Вместе с их диссидентской самоотверженностью и неслыханной до тех пор в России групповой солидарностью всё это обеспечивало превосходные стартовые позиции в борьбе за «гегемонию», которая предстояла трем славянофильским поколениям на протяжении XIX века (что, впрочем, не мешало славянофильству, как и герман­скому его прототипу, оставаться средневековой фантасмагорией, пронизанной национальным самодовольством, и время от времени обрекавшей страну на судороги патриотической истерии).

Посмотрим теперь, что отличало родоначальников славянофиль­ства как от их предшественников, декабристов, так и от современных им идеологов Официальной Народности.

Коротко говоря, если декабристы чувствовали себя в Европе дома, а геополитики Официальной Народности стремились подчи­нить её России, то смысл рафинированной, «хоровой», повторим за Герценом, Русской идеи состоял поначалу лишь в том, чтобы от Европы отмежеваться.

Еще за столетие до Освальда Шпенглера славянофилы провоз­гласили закат Европы, и впрямь переживавшей тогда мучительный переходный период (очень, кстати, напоминающий то, что происхо­дит сейчас в России).
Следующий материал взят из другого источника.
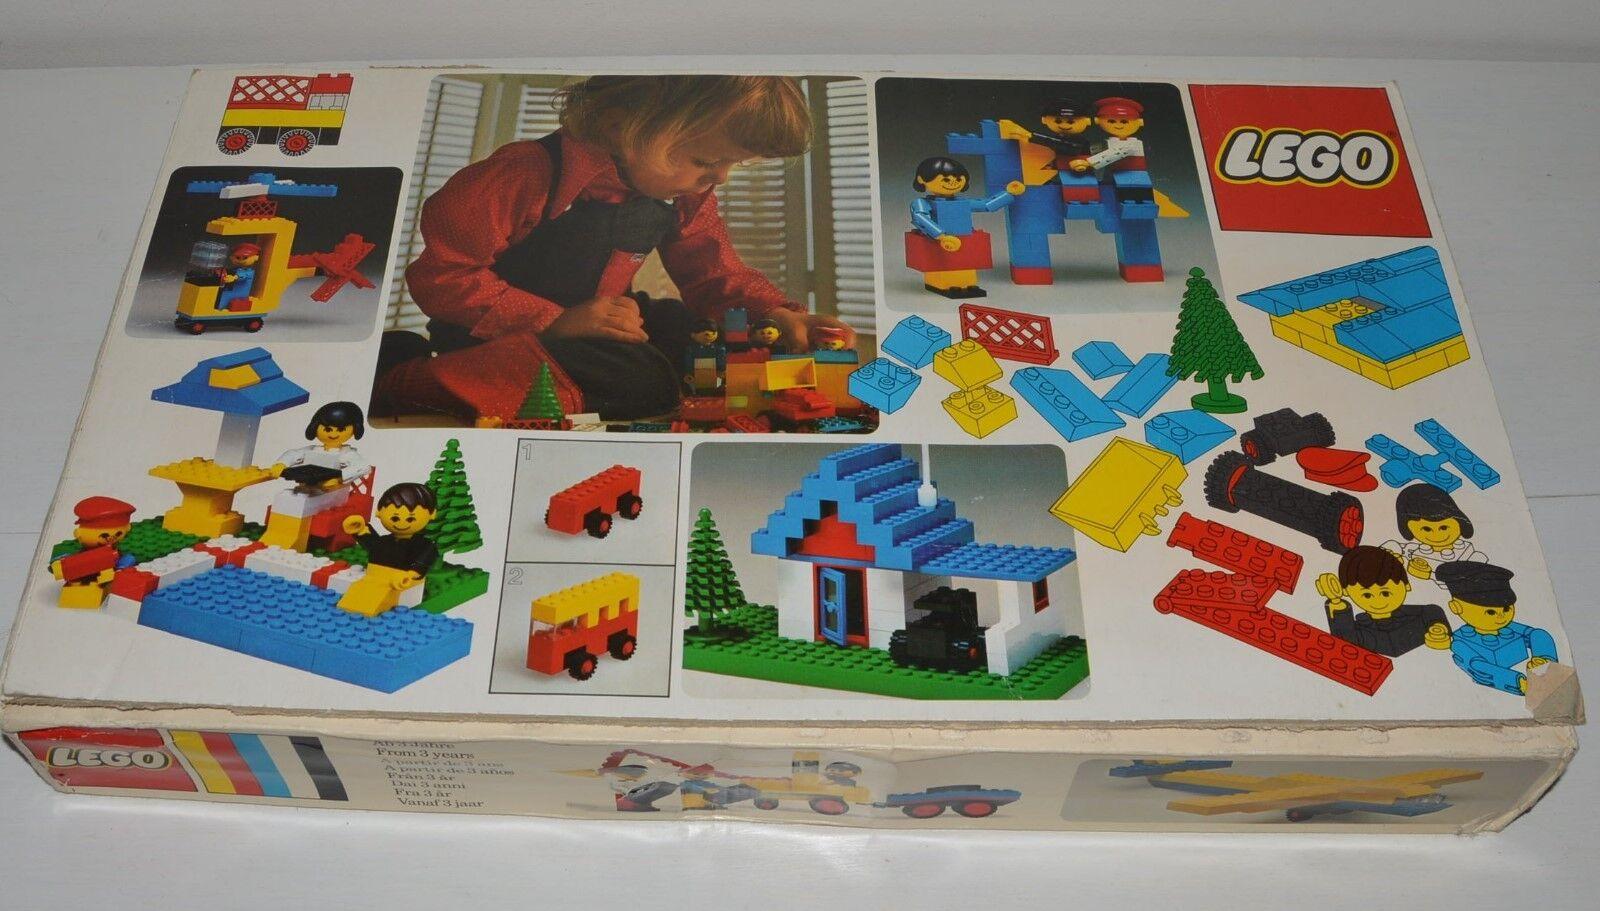 Ancien Jouet construction LEGO vintage boite N° 40   risparmia fino al 50%

Подобно Шпенглеру, впрочем, приняли они муки этого переходного периода за агонию. Убежденные, что Европа гниёт заживо, идет ко дну, они, естественно, не желали, чтобы она потянула за собою Россию.

Потому и оказался в центре славянофильского учения тезис о неевропейском характере «русской цивилизации», придуманной николаевскими политтехнологами. Как уточнил, повторяя Погодина, сегодняшний «национально ориентированный» интеллигент, «Рос­сия - это отдельный мир. Более точного определения нашей геополи­тической и геокультурной сути не существует»1. Здесь, собственно, и была та идейная цепь, что намертво приковала рафинированных интеллигентов к казенной риторике Официальной Народности. Выкована она была, оказывается, из того же немецкого Sonderweg, с которого, как мы уже знаем, и начинается деградация патриотизма.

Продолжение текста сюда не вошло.